Lungenhochdruck

Lungenhochdruck

(pulmonale Hypertonie)

Von einer pulmonalen Hypertonie ist grundsätzlich die Rede, wenn der mittlere Blutdruck in den Lungenarterien folgende Druckwerte überschreitet: 20 mmHg in Ruhe oder 30 mmHg (Millimeter Quecksilbersäule) unter Belastung.

Lungenhochdruck beginnt langsam, oft schleichend, und macht sich zunächst mit ungewöhnlich schnell einsetzender Atemnot bemerkbar. Kommen Symptome wie frühzeitige Erschöpfung bei Belastung, Herzklopfen, Brustenge und Ohnmachtsanfälle hinzu, ist der Gang zum Arzt angebracht, da Lungenhochdruck auf Dauer Lunge und Herz schädigt.

Abhängig von der Ursache des Lungenhochdrucks wird der präkapilläre vom postkapillären Lungenhochdruck unterschieden:
  • Präkapillär bedeutet, dass der Lungenhochdruck durch Krankheiten im Respirationstrakt (Lunge) verursacht ist. Der Widerstand in den Lungenarterien wird durch diese Erkrankung erhöht und der Blutdruck steigt. Bleibt dieser erhöhte Blutdruck im Lungenkreislauf über längere Zeit bestehen, kann daraus die rechte Herzkammer übermässig belastet werden (Rückstau), bis hin zur Herzschwäche.
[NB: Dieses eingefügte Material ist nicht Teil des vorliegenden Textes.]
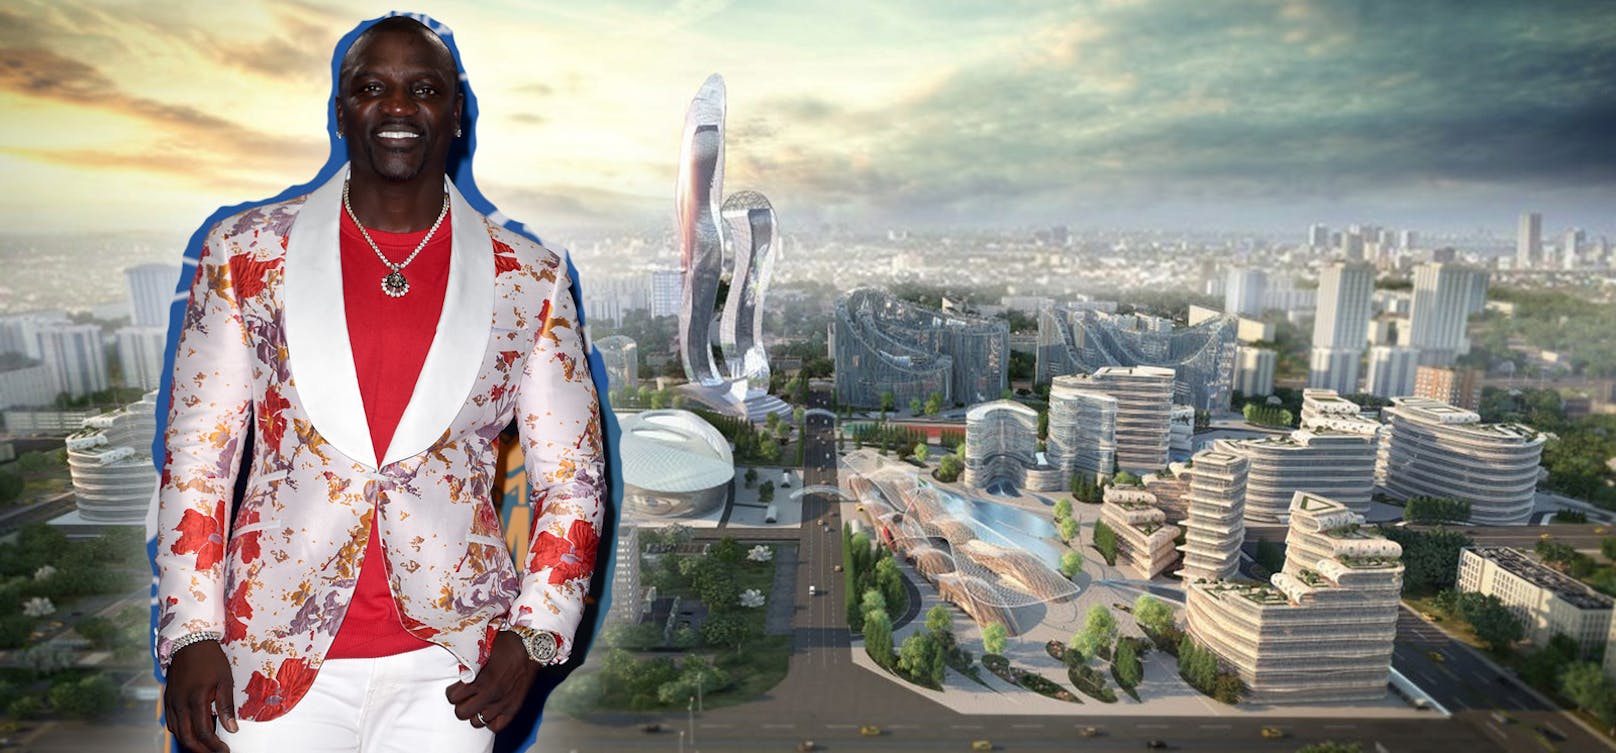 Akon ist Musiker, Songwriter und Produzent – und neuerdings auch Städtebauer: Im Senegal plant er eine eigene Stadt, die "Akon City".

In diesem Fall spricht man auch von einem Cor pulmonale.
  • Postkapillär meint, dass die Zunahme des Lungendruckes eine Folge von Erkrankungen der linken Herzkammer ist. Von dort aus wird das Blut in die Lunge zurückgestaut, was dort zu einem Druckanstieg führt.

Der Lungenkreislauf: Sauerstoffarmes Blut (blau) aus dem Körper gelangt über die obere und untere Hohlvene via rechten Vorhof unf rechte Herzkammer in den Lungenarterienstamm und von dort aus in die Lungen. Hier wird es mit Sauerstoff aus der Atemluft angereichert. Als sauerstoffreiches Blut (rot) gelangt es dann durch die Lungenvenen ins linke Herz und wird in die Hauptschlagader des Körpers (Aorta) ausgeworfen.
Der Lungenkreislauf: Sauerstoffarmes Blut (blau) aus dem Körper gelangt über die obere und untere Hohlvene via rechten Vorhof unf rechte Herzkammer in den Lungenarterienstamm und von dort aus in die Lungen. Hier wird es mit Sauerstoff aus der Atemluft angereichert. Als sauerstoffreiches Blut (rot) gelangt es dann durch die Lungenvenen ins linke Herz und wird in die Hauptschlagader des Körpers (Aorta) ausgeworfen.


Lungenhochdruck wird je nach Höhe des Drucks in folgende drei Schweregrade eingeteilt:
  • latenter Lungenhochdruck: Der mittlere Blutdruck in den Lungenarterien liegt im Normbereich, steigt aber bei Belastung auf Werte über 30 mmHg.
  • manifester Lungenhochdruck: Der Blutdruck in den Lungenarterien beträgt schon in Ruhe über 20 mmHg und steigt unter Belastung auf noch höhere Werte an.
  • schwerer Lungenhochdruck: Der Druck in den Lungenarterien ist erhöht, zusätzlich ist das Herzzeitvolumen erniedrigt.